[The records]
■ ■ ■ ■ ■ ■ ■

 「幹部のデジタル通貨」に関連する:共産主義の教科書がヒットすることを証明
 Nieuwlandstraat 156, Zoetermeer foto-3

■ ■ ■ ■ ■ ■ ■

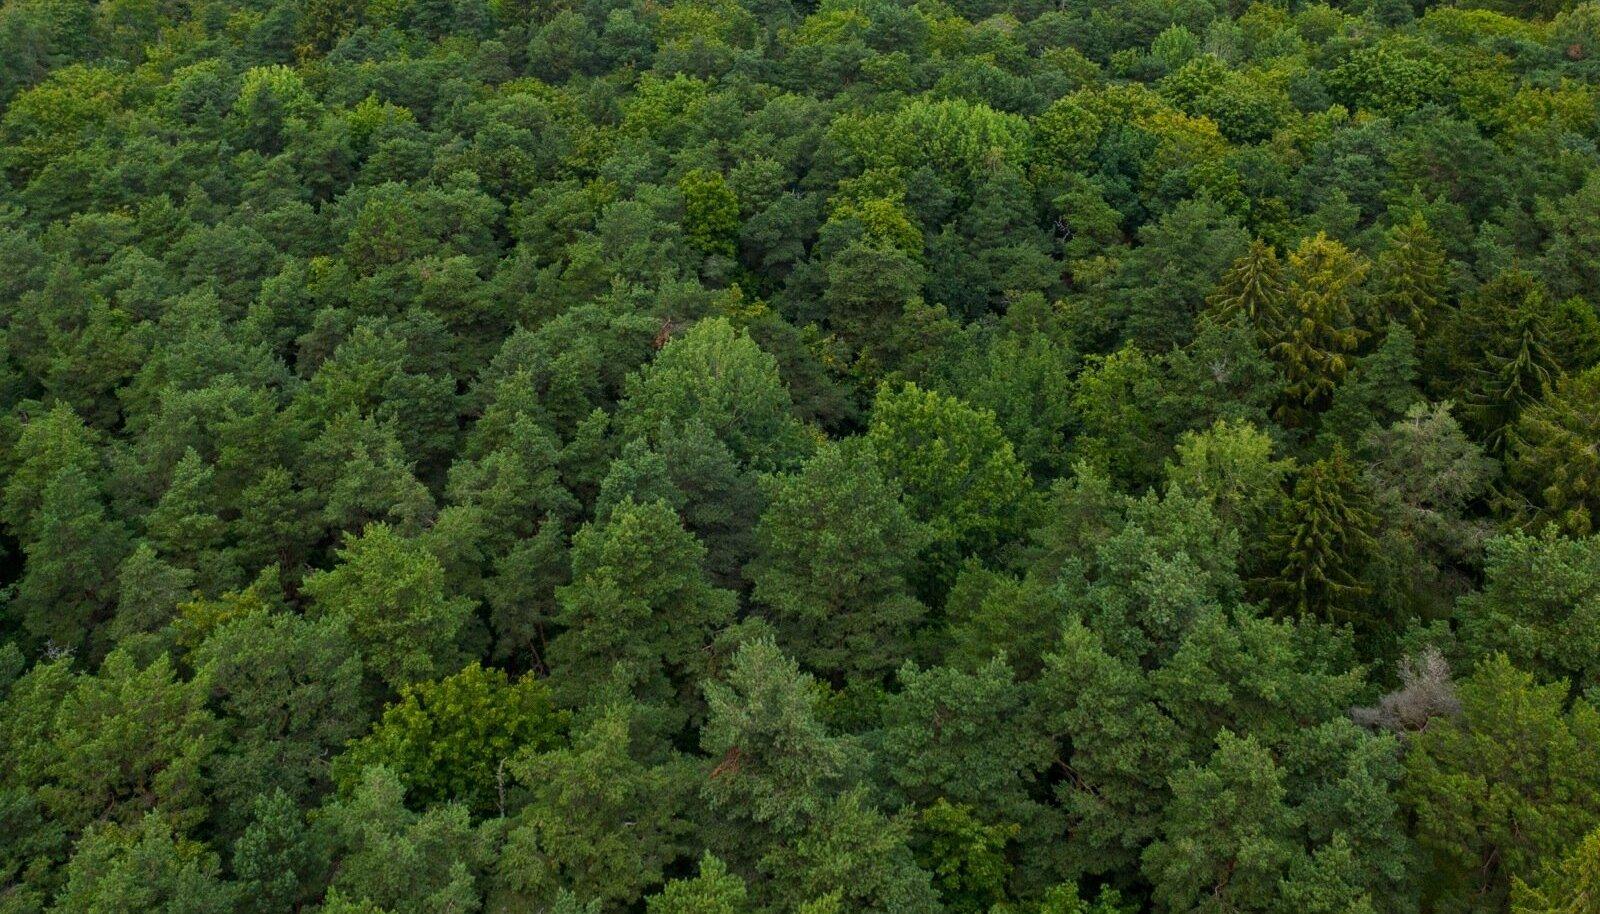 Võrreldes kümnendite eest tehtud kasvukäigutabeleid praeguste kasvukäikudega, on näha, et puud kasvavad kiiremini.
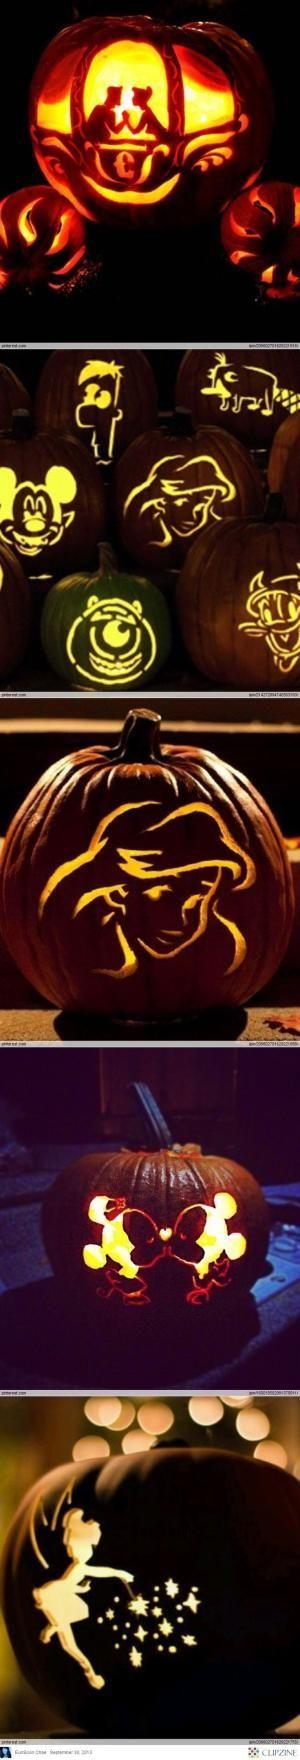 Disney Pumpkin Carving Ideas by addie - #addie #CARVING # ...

■ ■ ■ ■ ■ ■ ■

[Task prompt] Write out exactly the run of lines above that starts at the line containing "Võrreldes kümnendite eest" and ends at the line containing "Disney Pumpkin Carving". Include both, and leave the pictures out.

[Written response]
 Võrreldes kümnendite eest tehtud kasvukäigutabeleid praeguste kasvukäikudega, on näha, et puud kasvavad kiiremini.
 Disney Pumpkin Carving Ideas by addie - #addie #CARVING # ...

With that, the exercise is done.